A landmark trial over whether Florida legislators broke the law and used a "shadow" process when drawing up new political maps for Congress was held behind closed doors for several hours Thursday.
Circuit Judge Terry Lewis removed members of the public and the media from the courtroom during the eighth day of the ongoing trial. They were allowed to return only after two witnesses had finished testifying.
Lewis said before the trial that he did not want to close the courtroom during the legal challenge to Florida's congressional districts being brought by a coalition of groups including the League of Women Voters, Common Cause and a group of voters.
But he was forced to do so after the Florida Supreme Court ruled this week that up to 538 pages of evidence —which includes emails and maps — must not be disclosed in open court.
The Supreme Court took that step after an appeals court had previously blocked the use of the evidence entirely.
Lawyers representing Data Targeting, a Gainesville-based political consulting firm, and its employees contend that revealing the documents violates their First Amendment rights and also includes trade secrets.
The attorneys, whose fees are being paid by the Republican Party of Florida, tried to get U.S. Supreme Court Justice Clarence Thomas to block the evidence. But Thomas had not acted by the time the courtroom was closed.
Several news organizations, including The Associated Press, publicly objected to the closing which occurred during the questioning of Republican consultant Rich Heffley. The courtroom also remained closed when Pat Bainter, a top employee at Data Targeting, took the stand.
The documents are considered key evidence of whether legislators violated the "Fair Districts" amendments which said districts cannot be drawn in a way to favor incumbents or members of a political party. The lawsuit marks the first time those new standards adopted by voters in 2010 are being used to challenge the Legislature.

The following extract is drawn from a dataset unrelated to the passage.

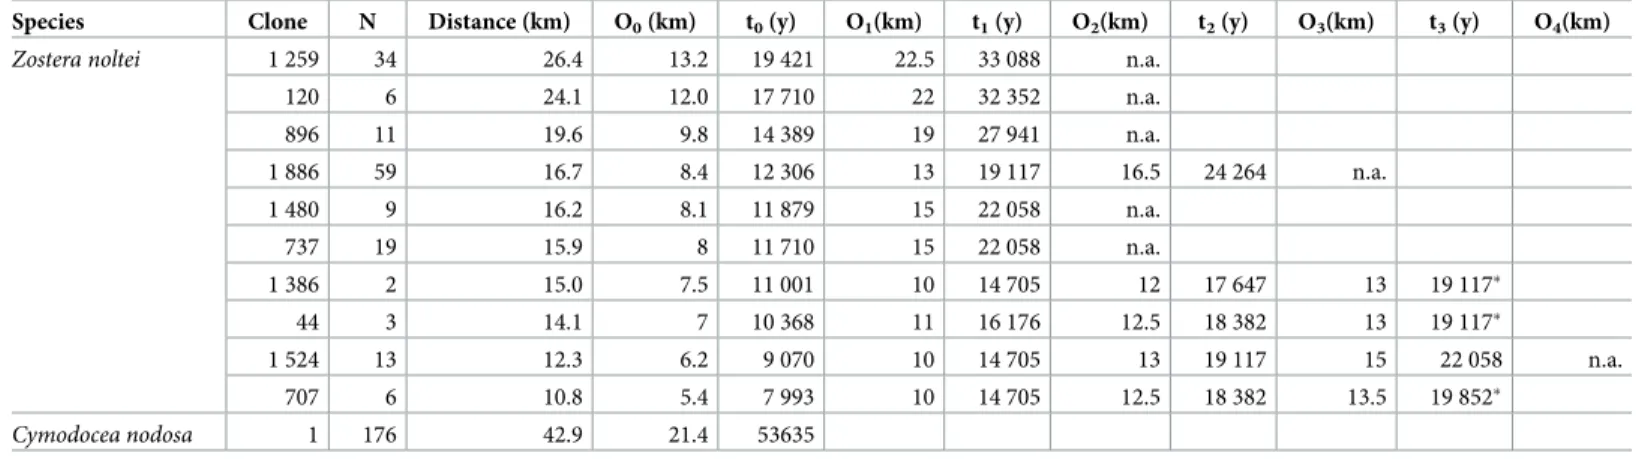 Table 1. Age estimation for the ten largest clones of Zostera noltei assuming no asexual hydrochory

While legislators have denied any wrongdoing, attorneys for the groups have argued that legislators used a "shadow" process that relied on consultants in an effort to bypass the constitutional amendment. Attorneys for some of those suing are being paid by the National Democratic Redistricting Trust.
Evidence so far has shown that one GOP consultant received maps before they were made public. A Republican Party official testified Friday that congressional maps he drew and turned over to a GOP consultant were identical to those submitted to the Legislature back in 2012 by Alex Posada.
But in a new twist on Thursday, attorneys revealed that Posada, a former Florida State University student and member of that school's College Republicans, had denied in a new deposition that he ever submitted a map to the Legislature.
David King, one of the attorneys in the case, grilled Heffley over whether he created fake email accounts and submitted maps to the Legislature under someone else's name.
"I won't tell you what my mom told me about assuming things but I will tell you that I don't know Mr. Posada, I have never had anything to do with submitting maps and I don't know how they got in the public domain," said Heffley, who was getting paid $15,000 a month by the Republican Party to help with redistricting and state Senate campaigns.